Not a Dainty Grace (Exodus 4:1–17)

As Moses’ sinful questions mutate into brazen objections, God’s grace grows more firm. God’s grace isn’t fragile. It isn’t a dainty grace. When God sets His covenant love on sinners, sinners’ sins don’t change His covenant love; God’s covenant love changes sinners. We’re told Moses’ sins aroused God’s anger, and what do we see next? Preplanned grace (4:14). God’s grace is always preplanned. To put a spin on Spurgeon, if God didn’t love His people before the foundation of the world, it’s certain He’d never see cause, in them, to love them afterward.

God’s grace isn’t a dainty grace. You can’t shatter it. It’s child proof; indestructibly designed by a Father who knows us. You can’t break this grace. It breaks you. This isn’t the kind of grace that sweeps sin under the rug, but propels us out the door. This is persistent and insistent grace that covers and refuses our objections.
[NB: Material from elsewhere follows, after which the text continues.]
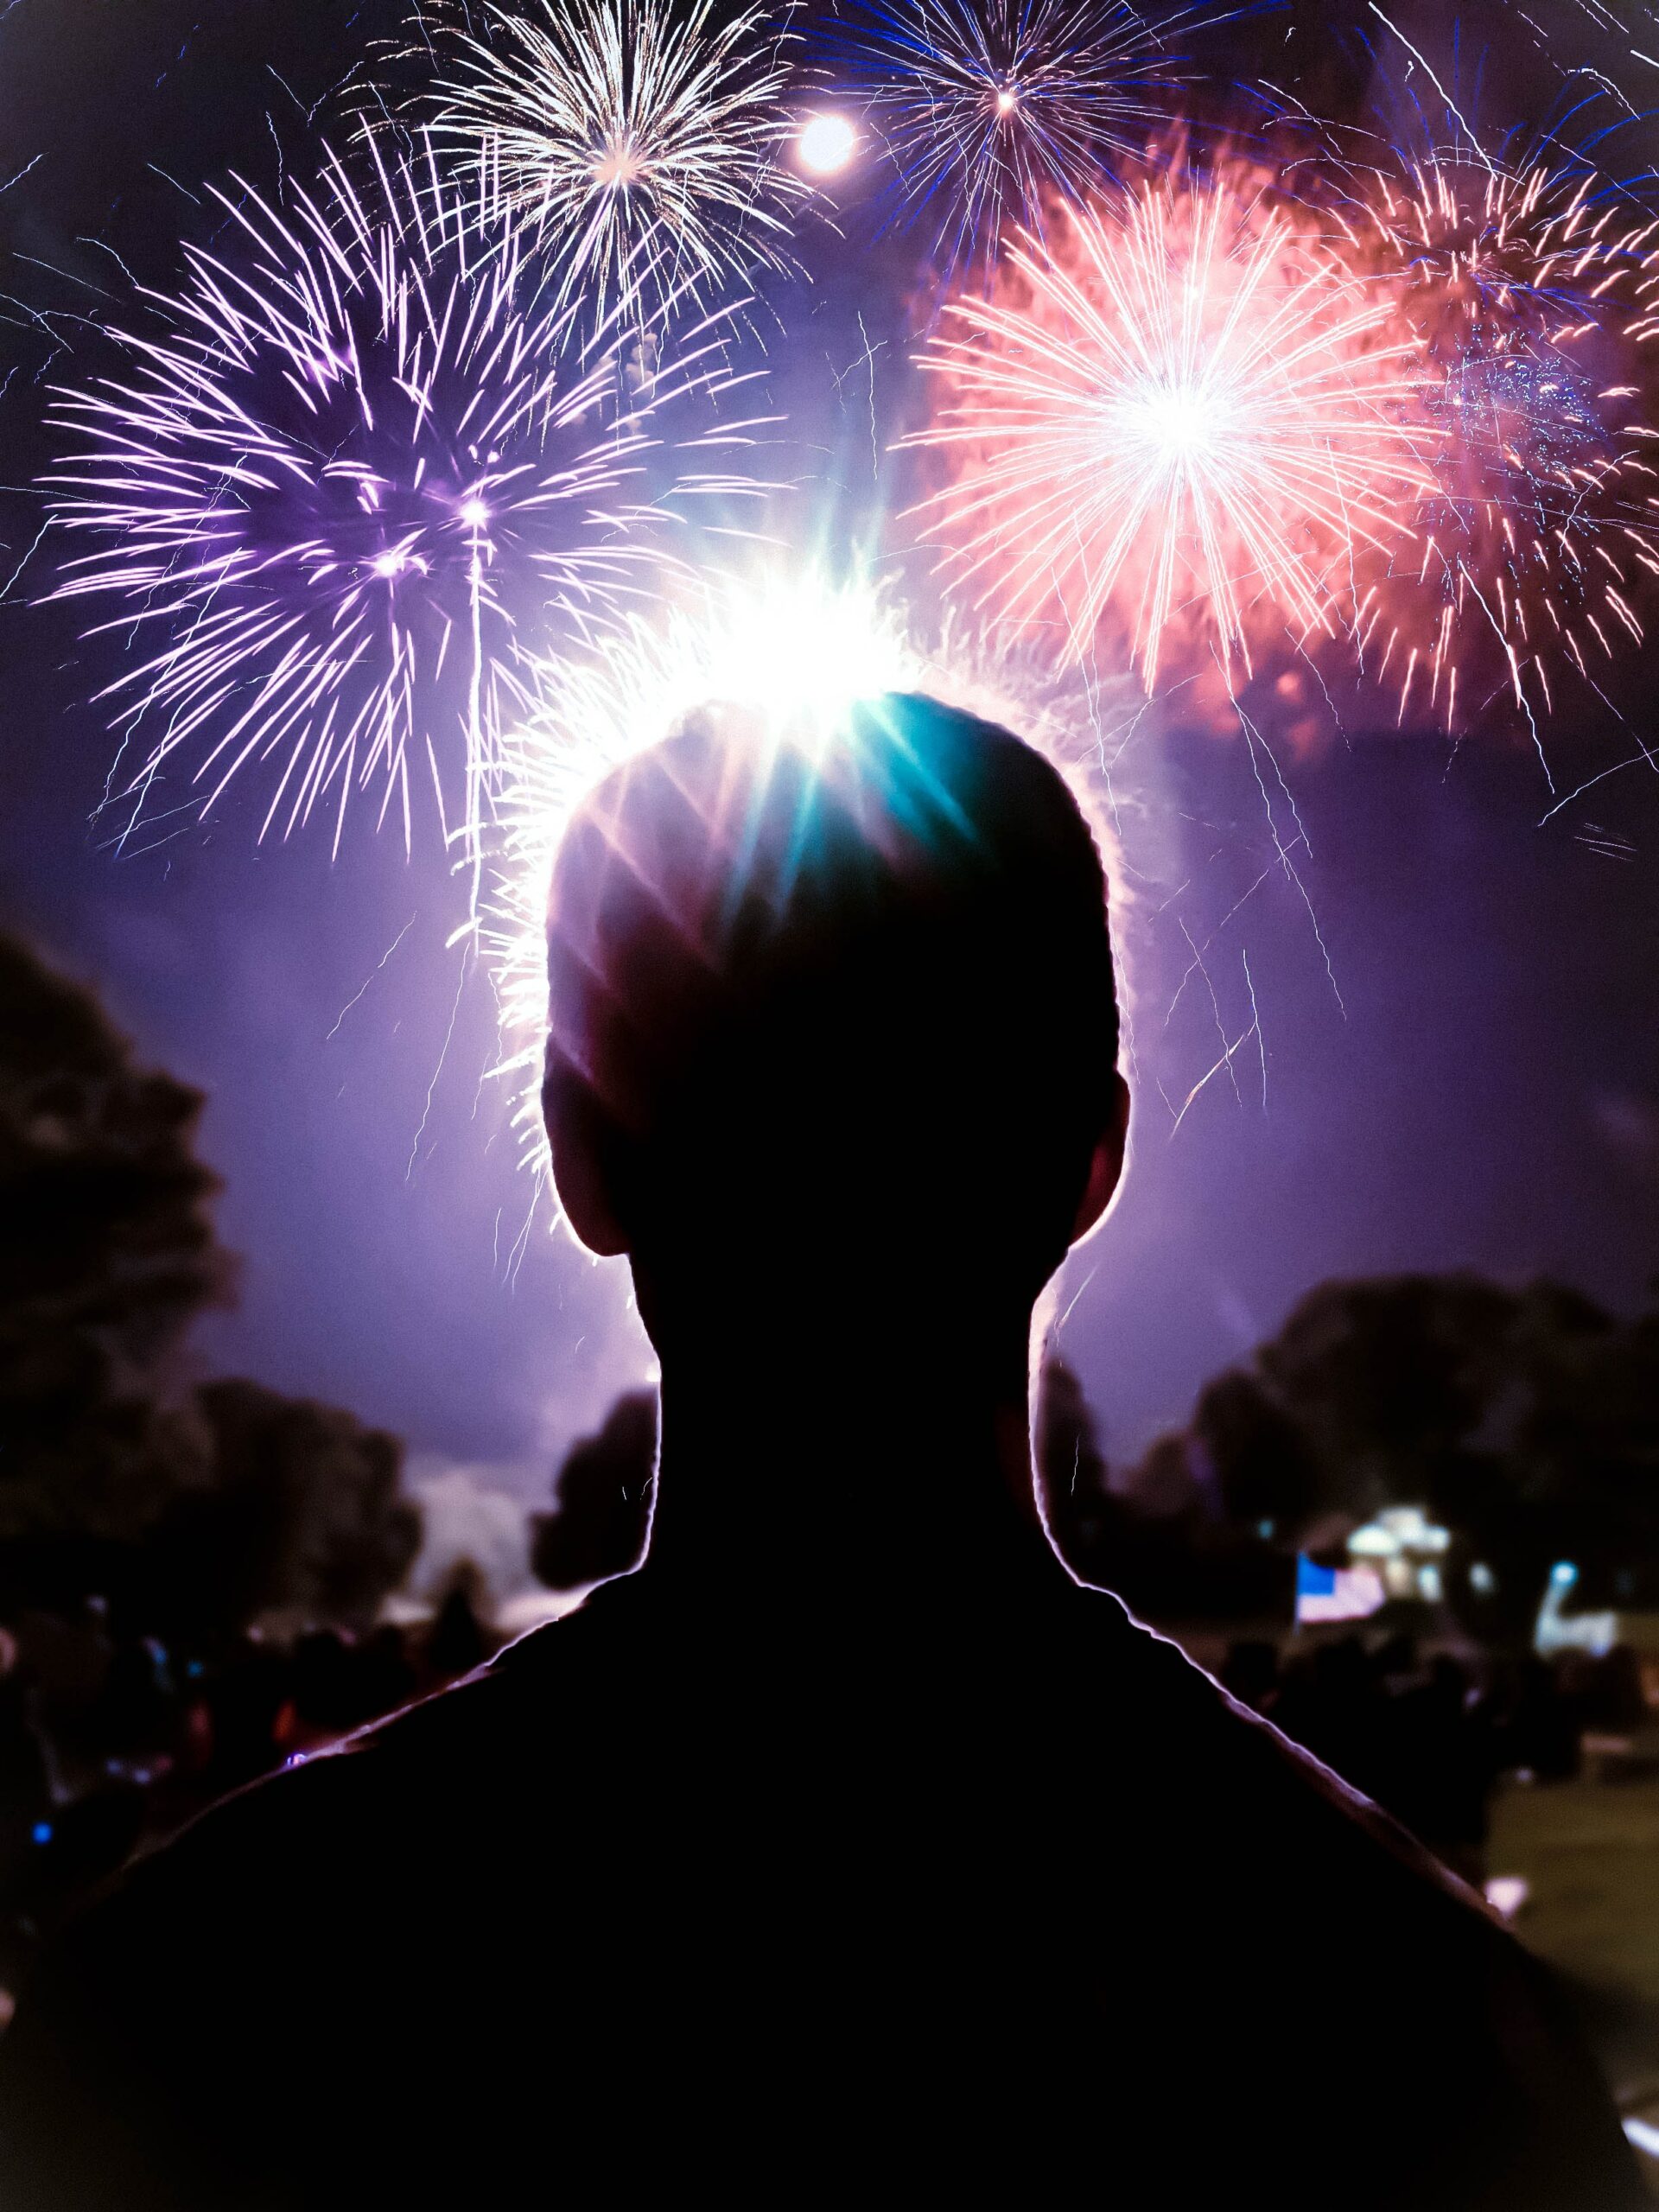 The silhouette of a body. Above their head: fireworks. below: tree silhouettes against the night sky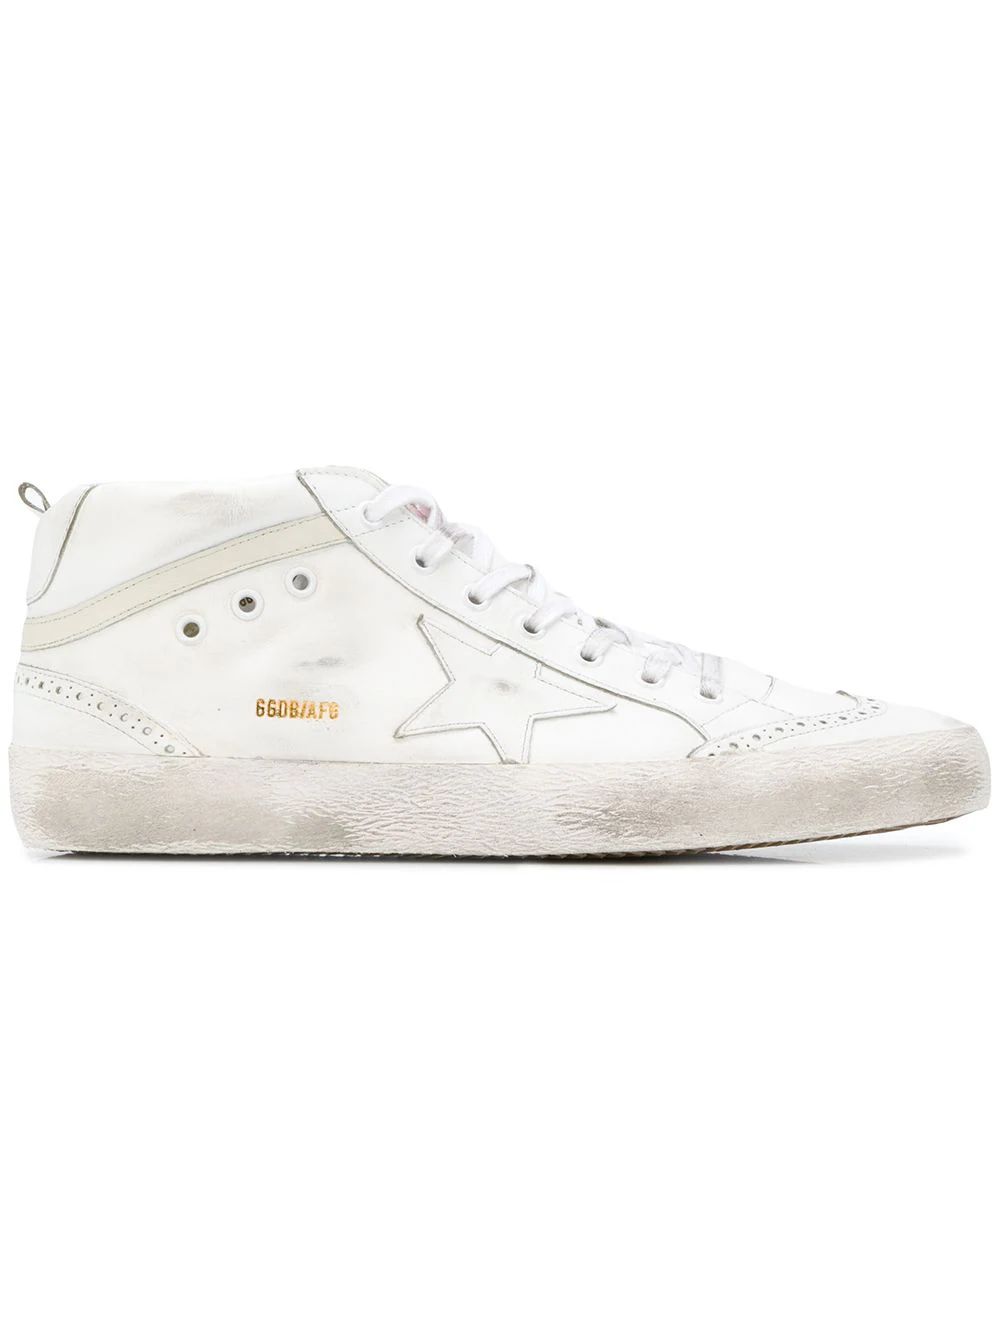 Golden Goose Deluxe Brand Mid Star sneakers - White | FarFetch Global

God’s grace throws us in the deep end and then is there to keep us from drowning. Remember Jonah? God’s firm grace got Jonah to Nineveh. The book ends with Jonah rebelliously pouting. Or does it? Who wrote the book of Jonah? I believe it was Jonah. The book ends then as Jonah’s expression of the ugliness of his sin and the beauty of God’s grace. Good parents often make their children do things they’re fearful of and the children are often thankful after the fact. I’m sure, once Jonah set his pen down, it was with a contented sigh of thankfulness that God threw him in the deep end and was there to keep him from drowning, even in his own sins. Once Moses returned to Sinai, certainly, he too was thankful that God’s grace was made of adamant.

There is grace for those who are ambassadors of grace. Not a grace that excuses our sins, but a grace that leaves us without excuses.